The weekly magazine Garden and Forest existed for only nine years (1888–1897). Yet, in that brief span, it brought to light many of the issues that would influence the future of American environmentalism. In The City Natural, Shen Hou presents the first “biography” of this important but largely overlooked vehicle for individuals with the common goal of preserving nature in American civilization. 

As Hou’s study reveals, Garden and Forest was instrumental in redefining the fields of botany and horticulture, while also helping to shape the fledgling professions of landscape architecture and forestry. The publication actively called for reform in government policy, urban design, and future planning for the preservation and inclusion of nature in cities. It also attempted to shape public opinion on these issues through a democratic ideal that every citizen had the right (and need) to access nature. These notions would anticipate the conservation and “city beautiful” movements that followed in the early twentieth century.
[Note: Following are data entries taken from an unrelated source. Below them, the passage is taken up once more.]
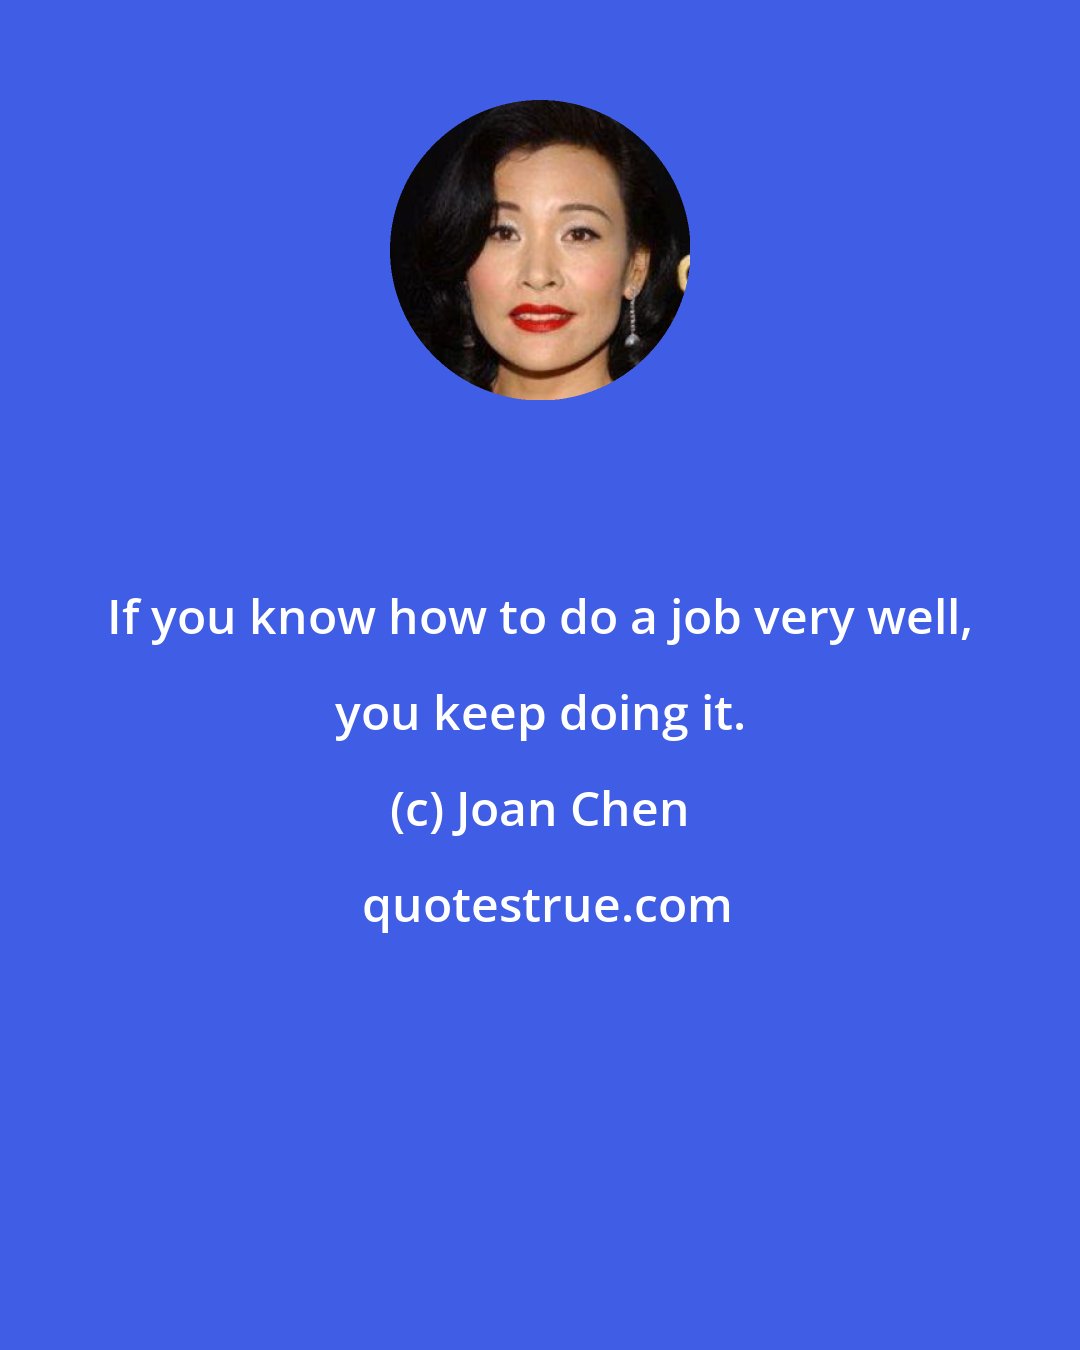 Joan Chen: If you know how to do a job very well, you keep doing it.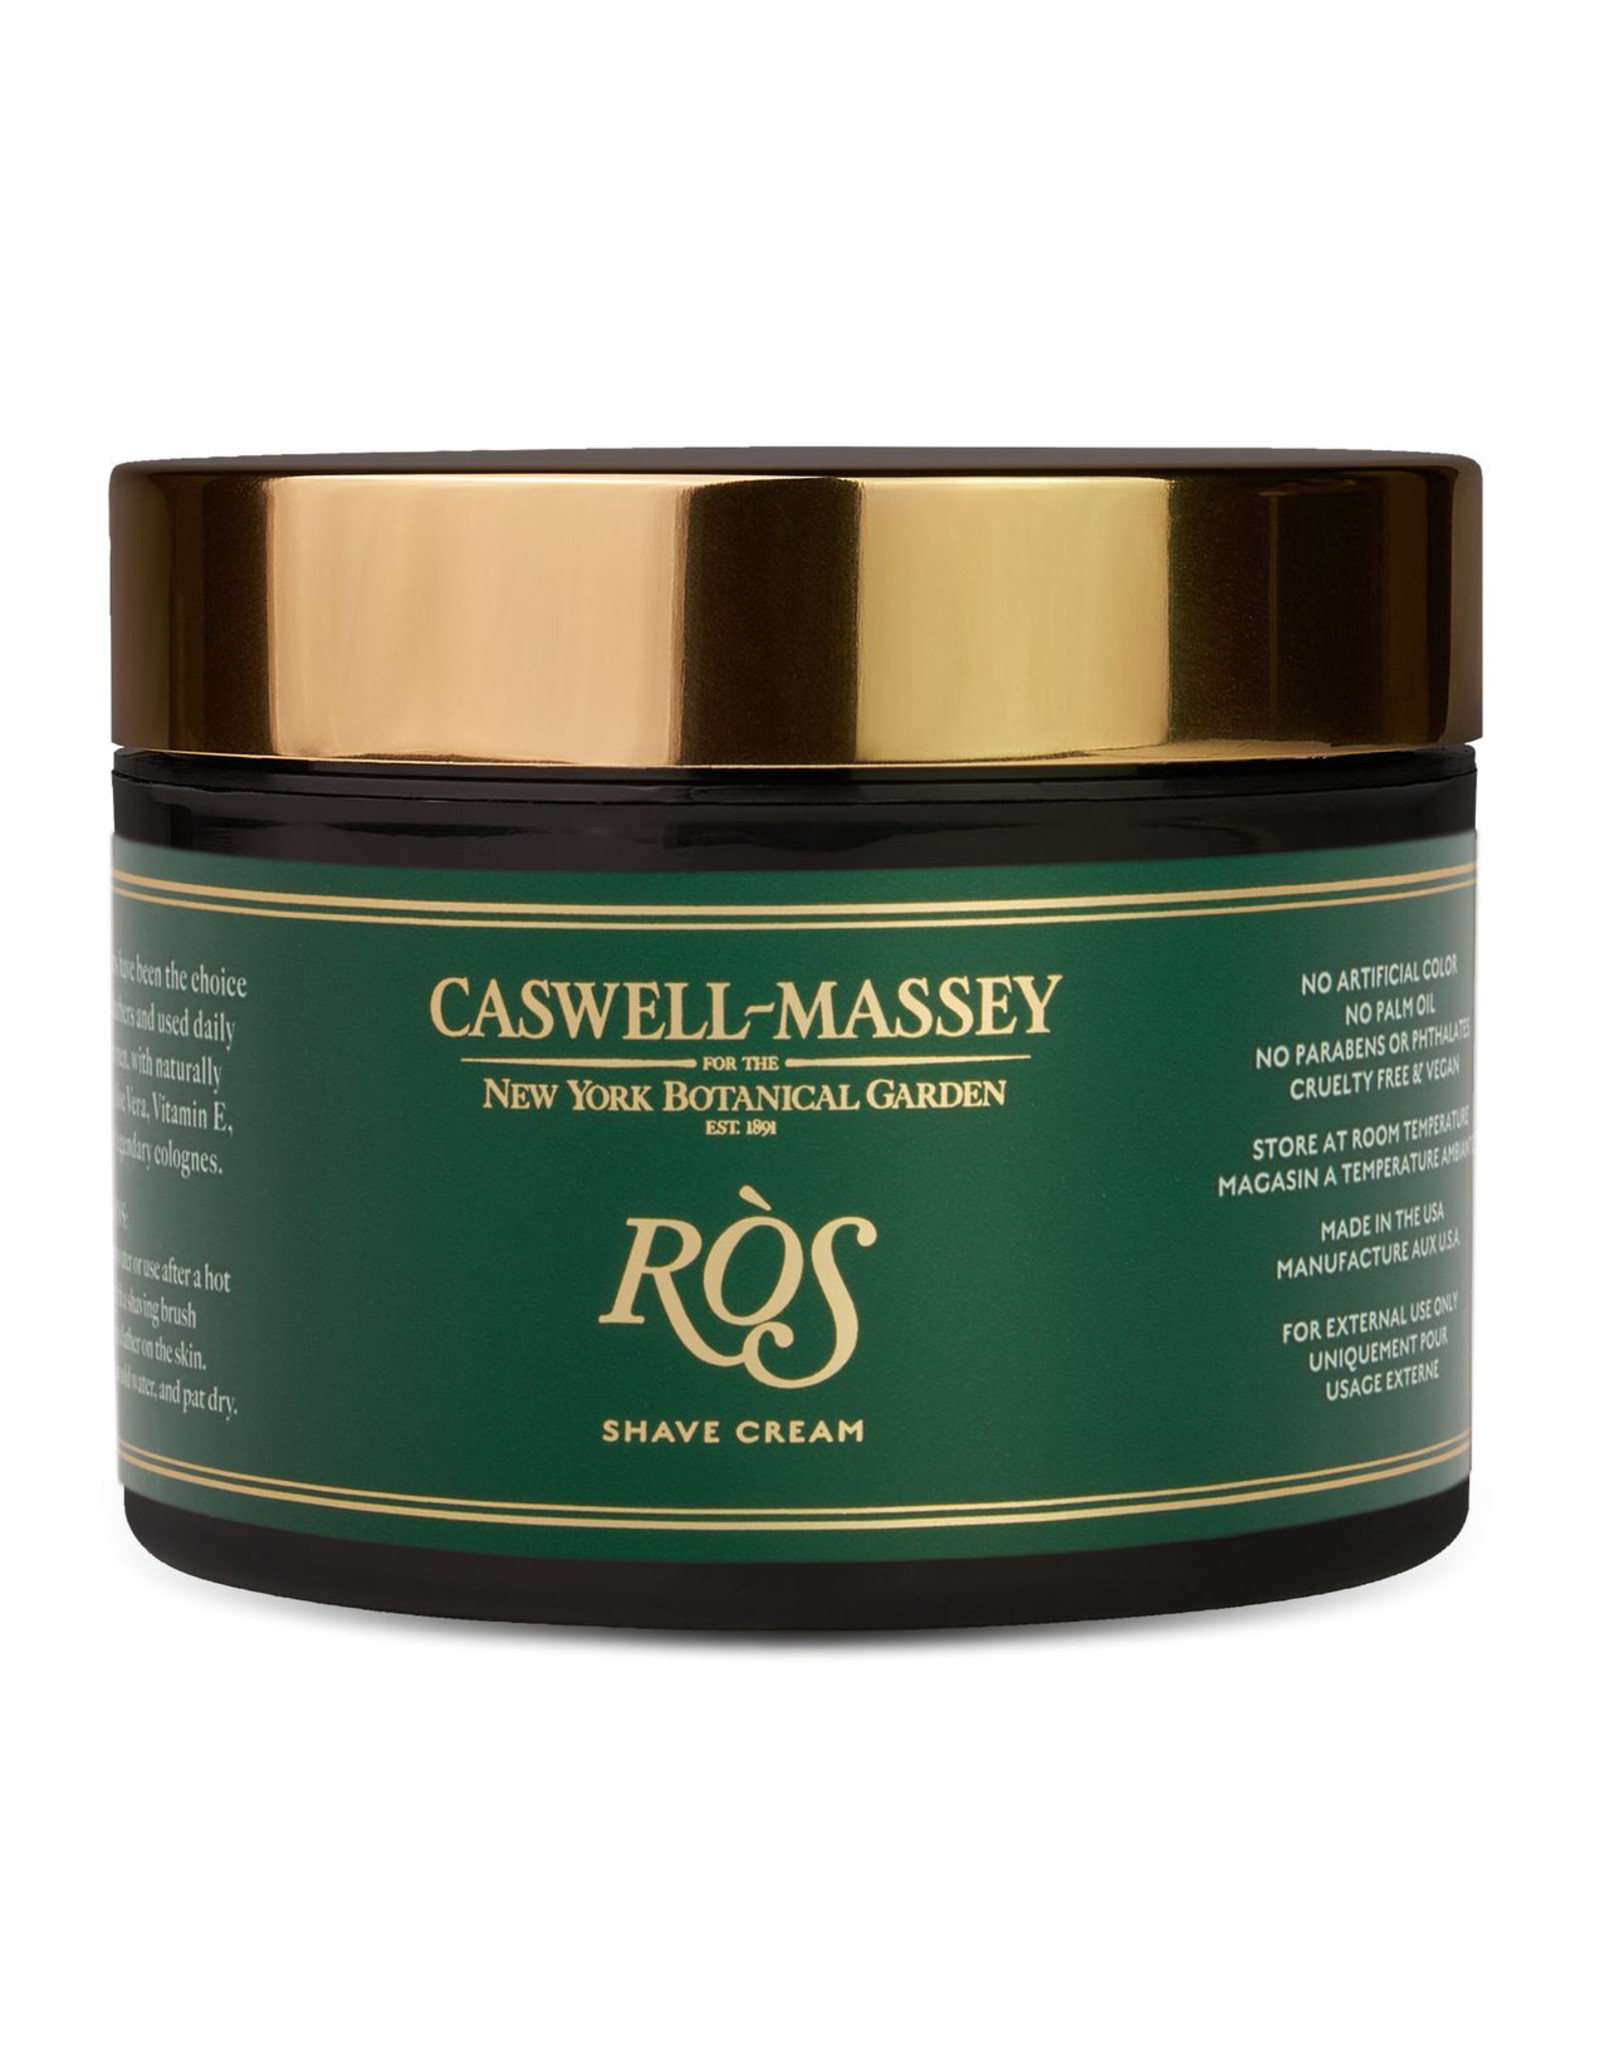 Caswell-Massey Apothecary RÓS Shave Cream in Jar | 8oz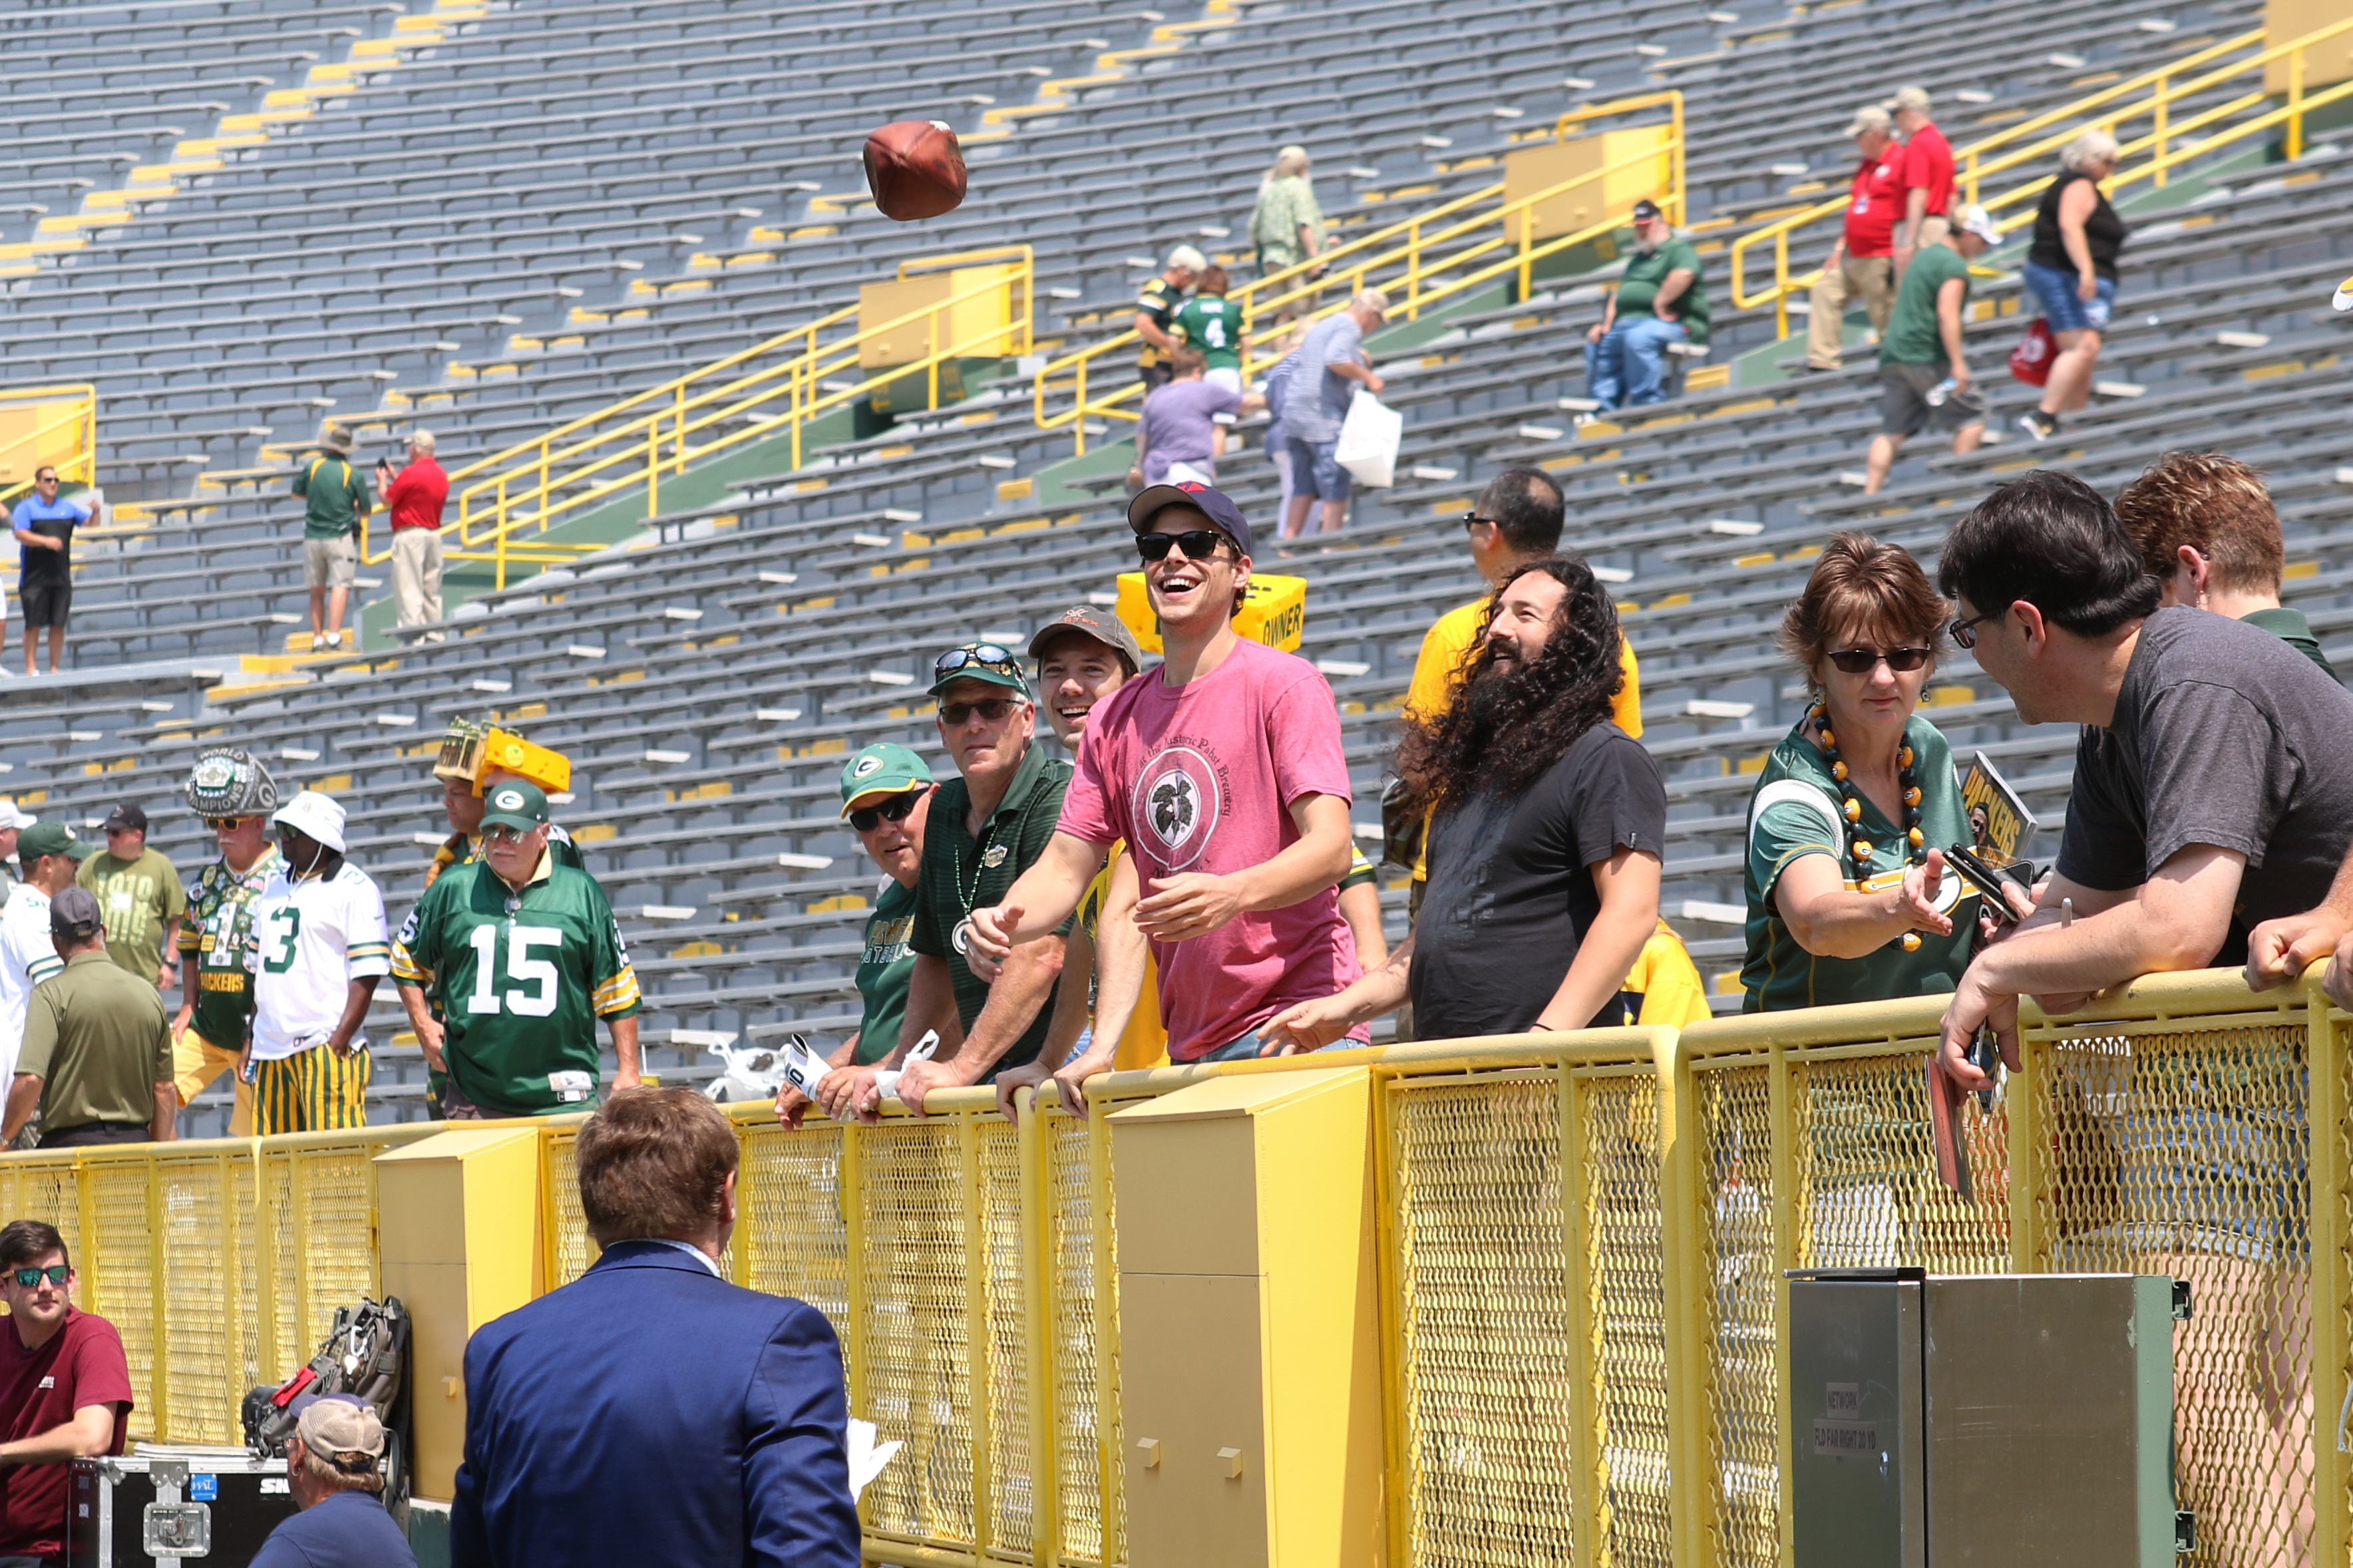 A Breakdown of How Shareholders Pay the Green Bay Packers

Hou explains the social and environmental conditions that led to the rise of reform efforts, organizations, and publications such as Garden and Forest. She reveals the intellectual core and vision of the magazine as a proponent of the city natural movement that sought to relate nature and civilization through the arts and sciences. Garden and Forest was a staunch advocate of urban living made better through careful planning and design. As Hou shows, the publication also promoted forest management and preservation, not only as a natural resource but as an economic one. She also profiles the editors and contributors who set the magazine’s tone and follows their efforts to expand America’s environmental expertise.

Through the pages of Garden and Forest, the early period of environmentalism was especially fruitful and optimistic; many individuals joined forces for the benefit of humankind and helped lay the foundation for a coherent national movement. Shen Hou’s study gives Garden and Forest its due and adds an important new chapter to the early history of American environmentalism.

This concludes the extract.